Matt Newton's Math class knows how to work with numbers at Erie Middle School on Friday.

But when Illinois billed the rural school district $435,000 for overpayment, the figures came as a complete surprise.

"It is one of the most bizarre things," said Superintendent Brad Cox.

The district of 660 students is among thousands of Illinois taxing districts being asked to repay a total of $168 million.

Cox says that the state changed its calculations without warning.

"If you're going to make a $168-million mistake, wouldn't you go to great lengths to explain exactly how that mistake was made?" he asked.

The surprise bill comes at a time when Erie is starting to look at building improvements.

Most of its school buildings are more than 50 years old.

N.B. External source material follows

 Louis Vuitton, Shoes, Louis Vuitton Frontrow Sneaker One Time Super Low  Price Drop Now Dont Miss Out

Just across the street from Erie Middle School, Linda Wuerzburger is holding a yard sale.

She's among local voters who will decide on funding district improvements.

For now, she's upset by the state's surprise move.

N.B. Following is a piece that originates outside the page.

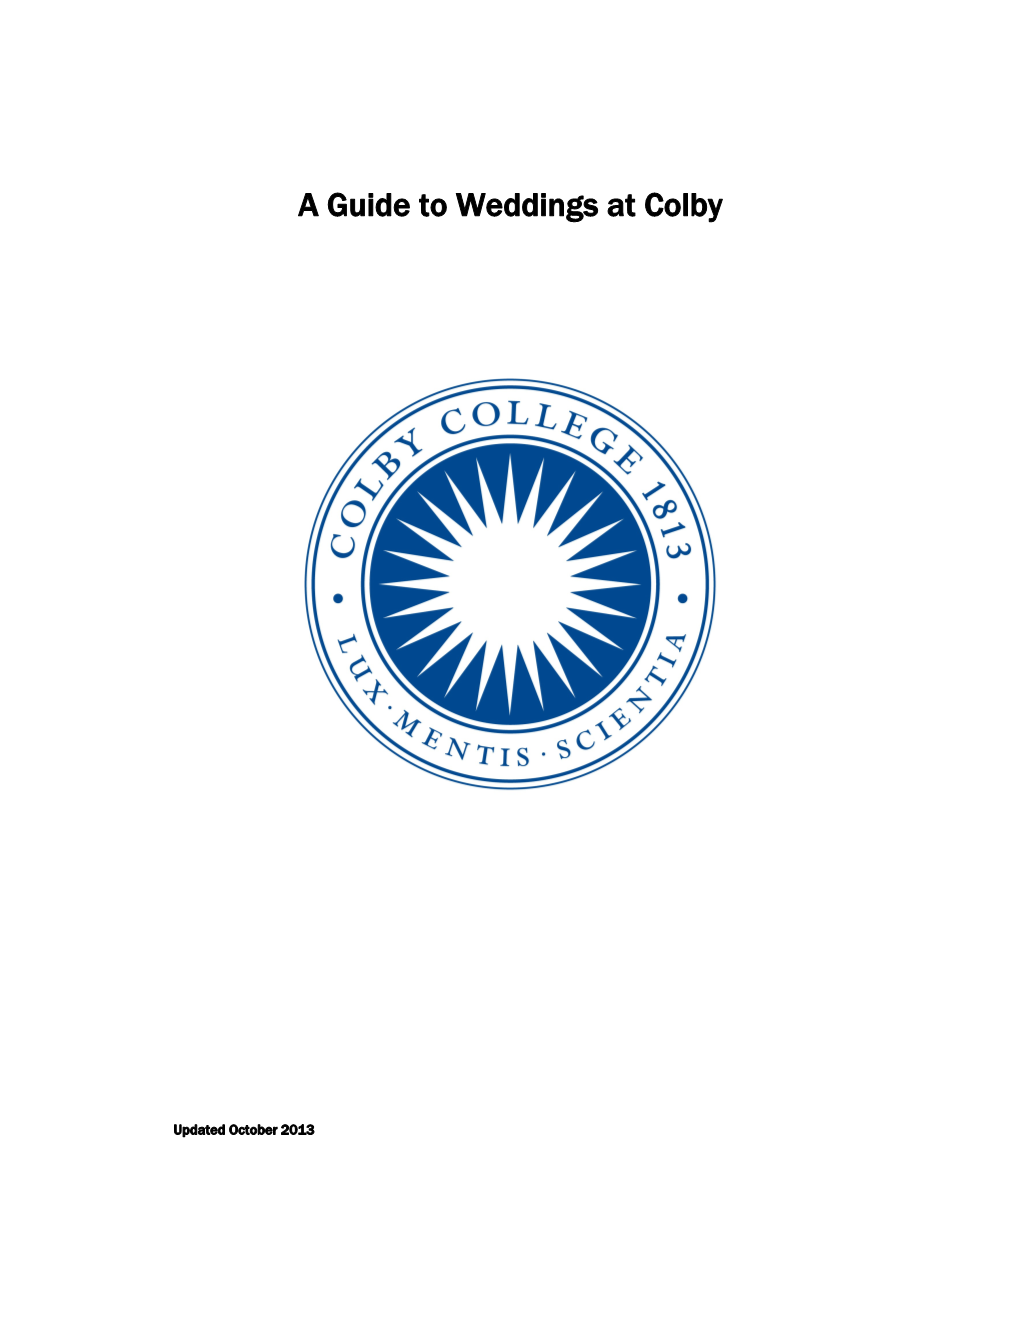 A Guide to Weddings at Colby

"Absolutely," she said.  "It's kind of like they're being kicked when they're down."

"It's a small town," added Allison Geer.  "Everyone is so close.  This is kind of like a shock."

For its part, Erie Schools are in remarkably solid financial shape during difficult times.

"We're in a spot where we have no debt," said Superintendent Cox.

Cox doesn't think that the latest surprise bill will threaten renovations.

He expects a vote could take place during the November presidential election.

Erie CUSD #1 will hold a community meeting at 6:30 p.m., on April 26, at Erie High School.

It will hold an identical meeting on May 1, 3 p.m., at the Methodist Hall.

Cox says that the situation sends a message about a broken system in Springfield.

"At some point in time, I'm really hoping that our state will have some sort of a wake-up call," he said.

Until then, school districts must deal with bills that keep adding up.

"The kids are the ones that are going to get hurt in the end," Wuerzburger concluded.